• **PROMPT**
Starting at the line that holds "Lamper og belysning", restate every line word for word up to and including the last one in the listing below, and omit all pictures.

• **SOURCE DATA**

*** Begin section ***

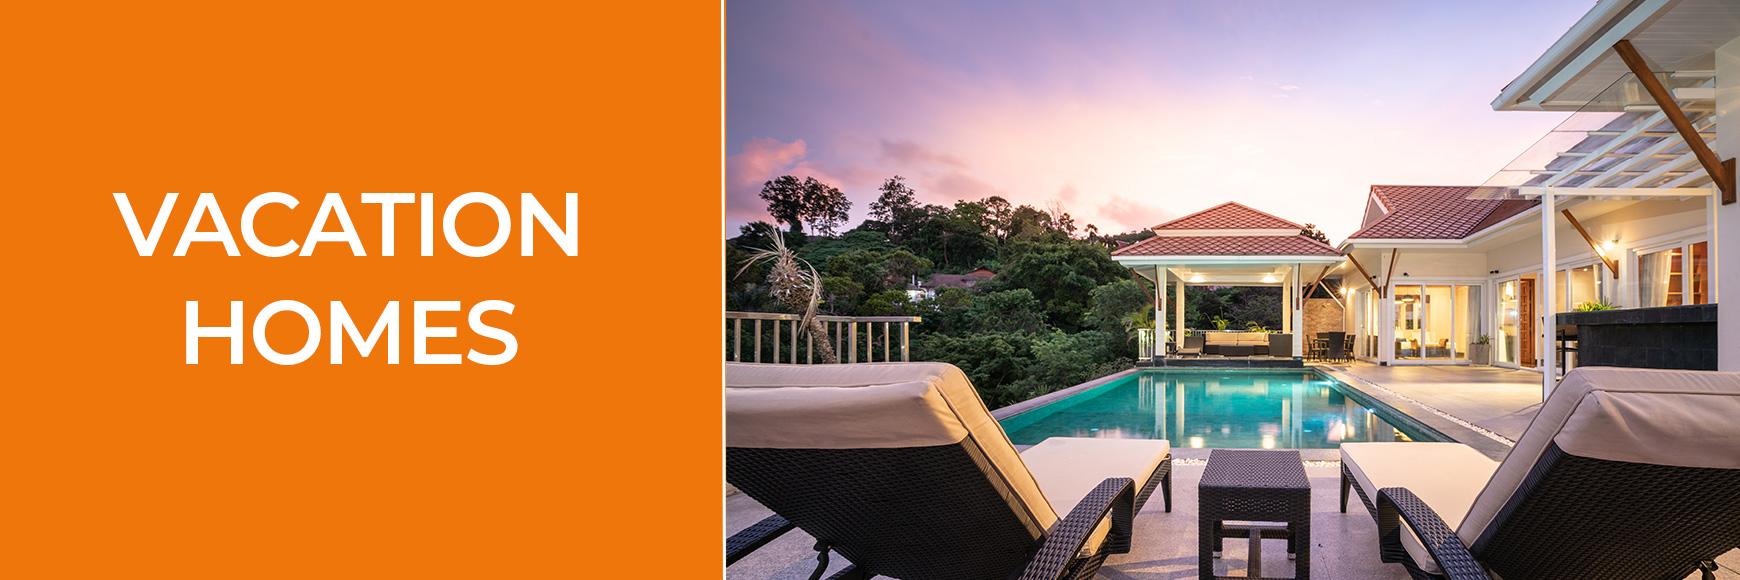 Vacation Homes Banner-Orlando Homes Sales
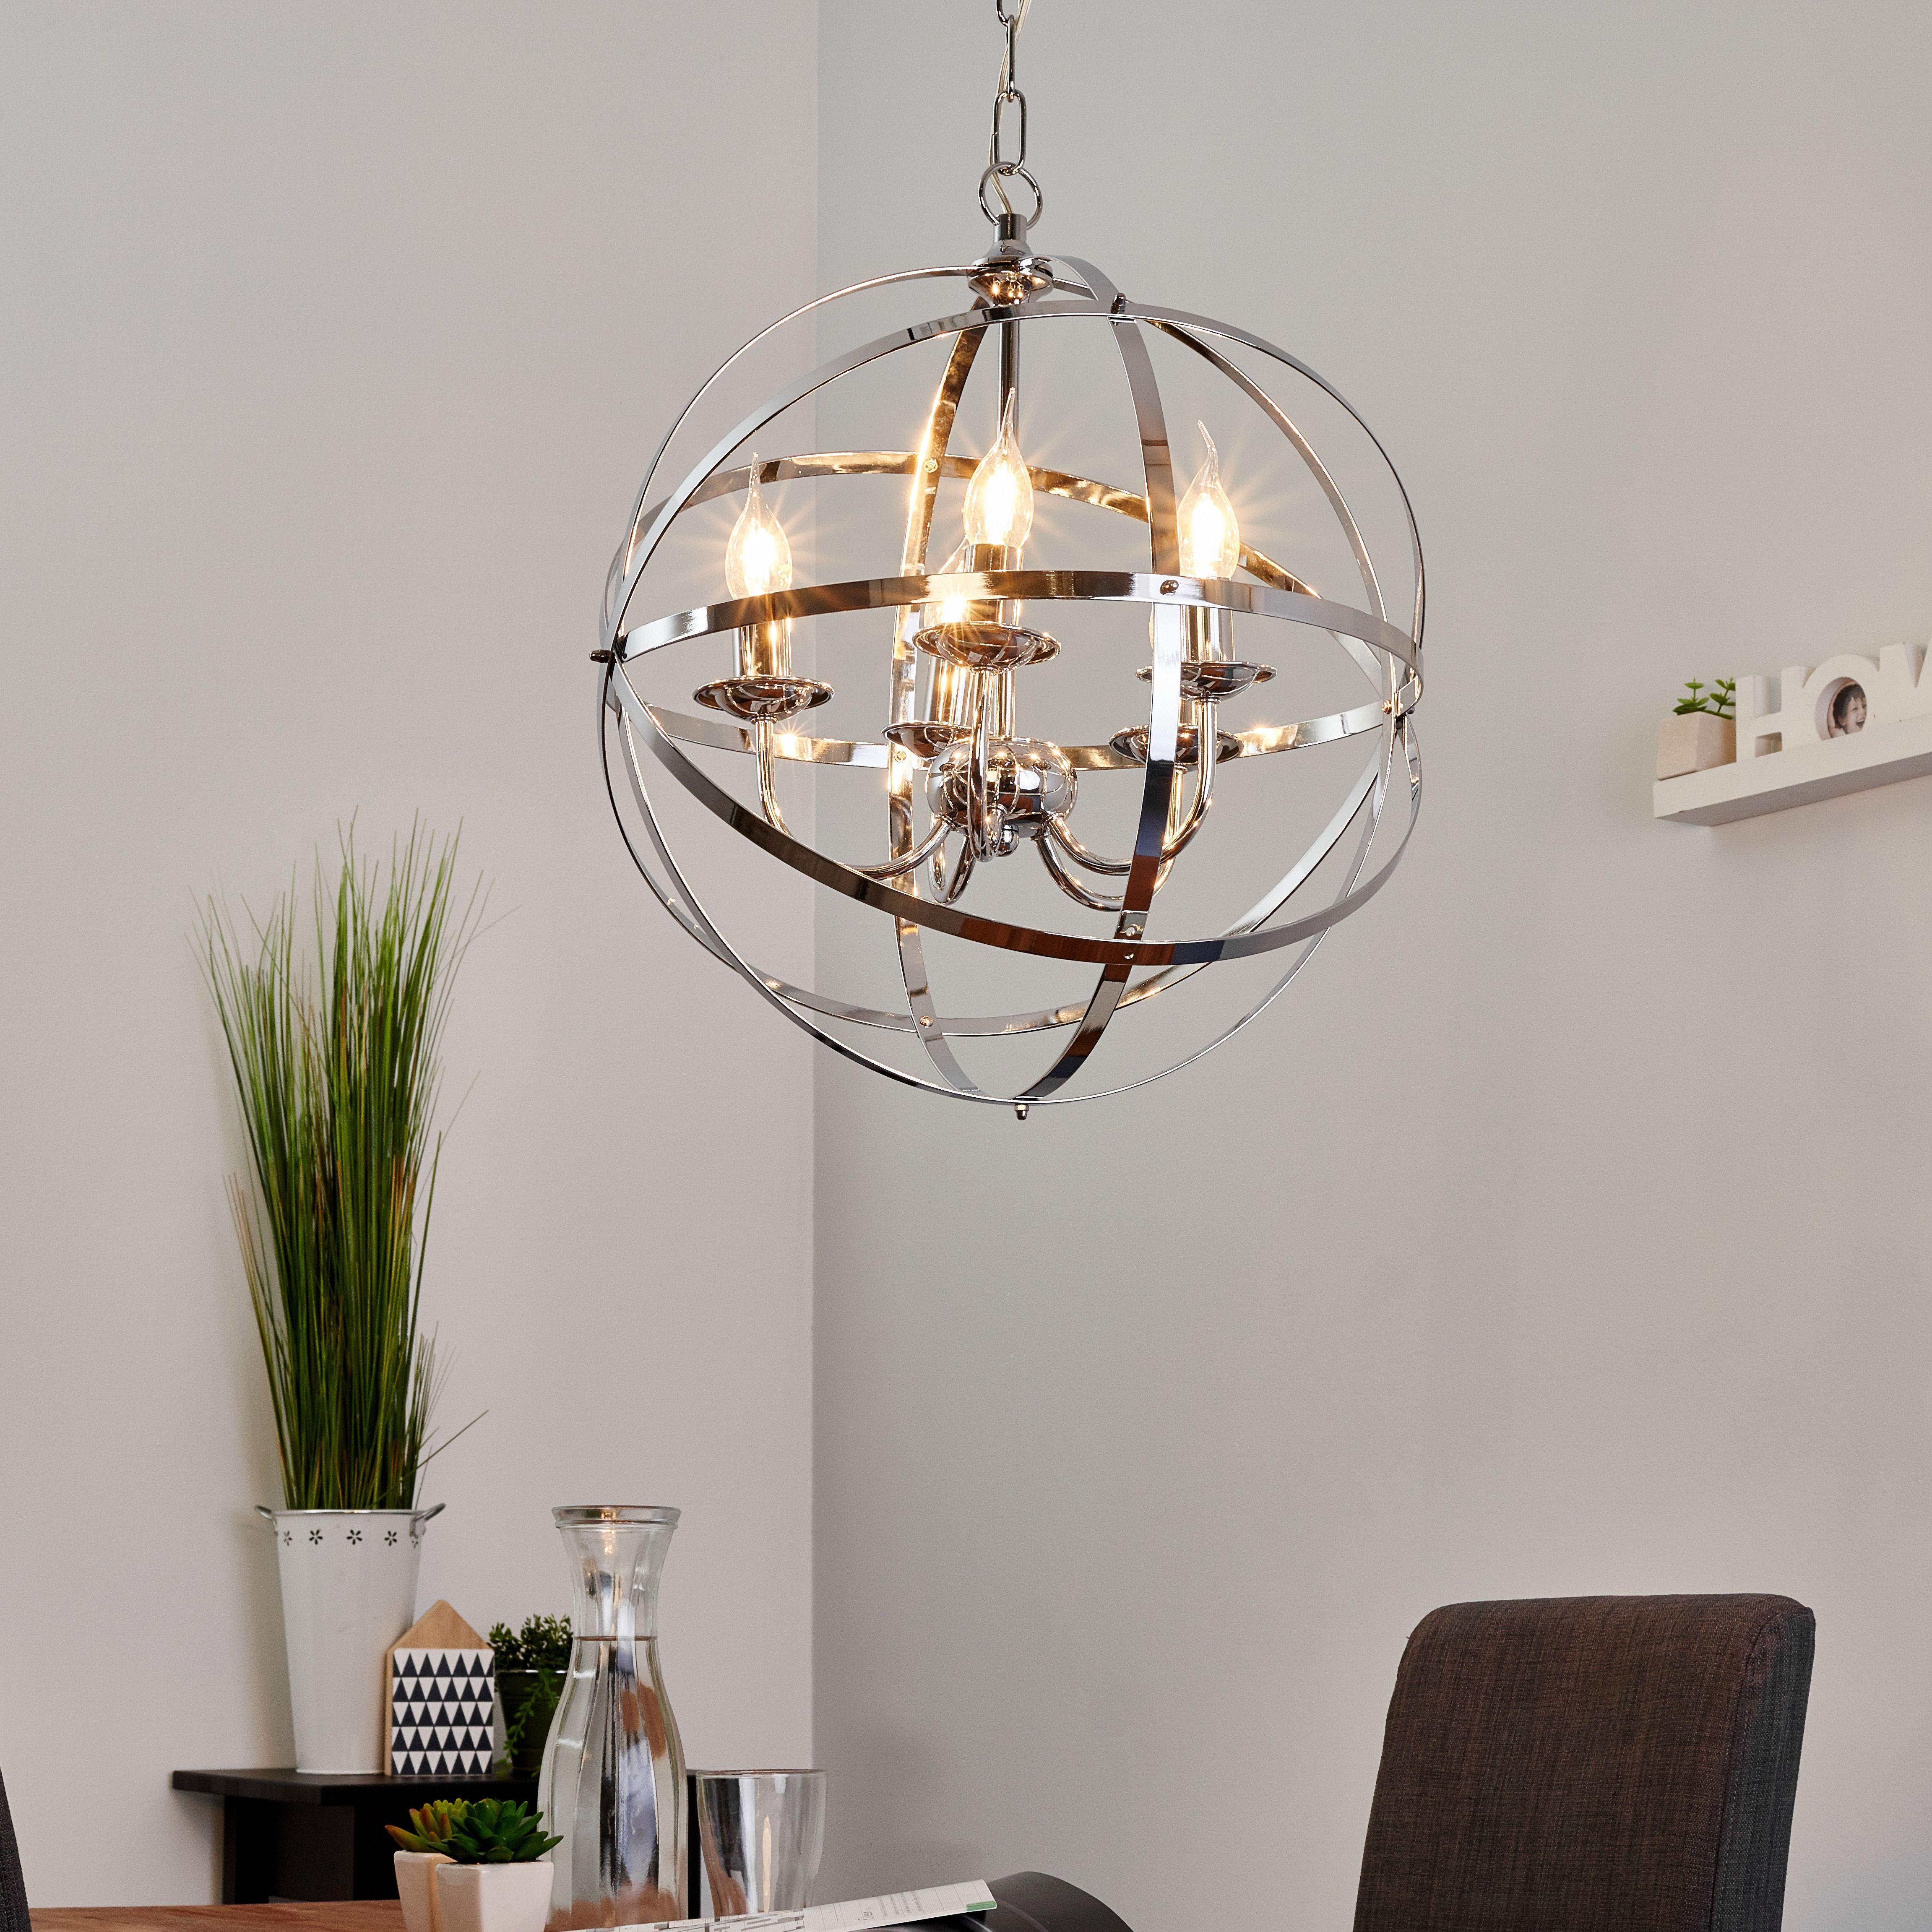 Lamper og belysning til hjemmet | Lampegiganten.no
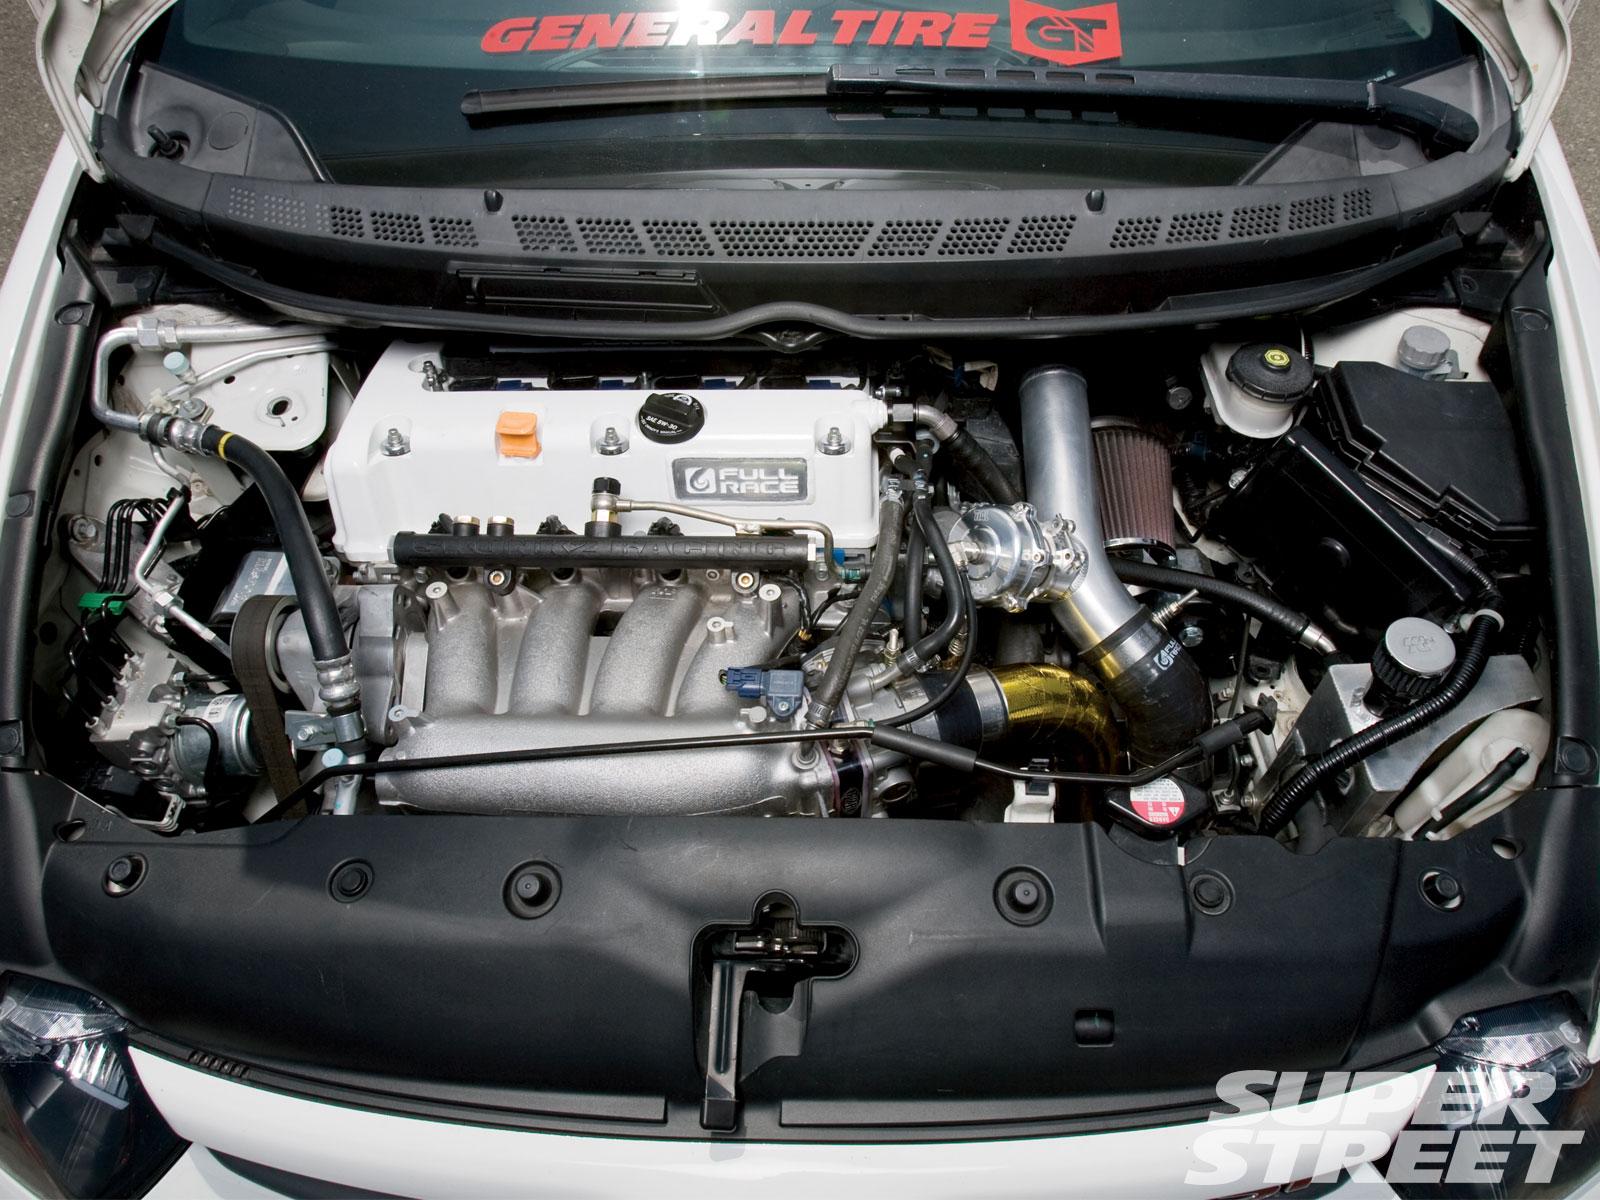 Sstp 1012 05 O 2007 Honda Civic Si Engine

*** End section ***

• **EXERCISE SOLUTION**
 Lamper og belysning til hjemmet | Lampegiganten.no
 Sstp 1012 05 O 2007 Honda Civic Si Engine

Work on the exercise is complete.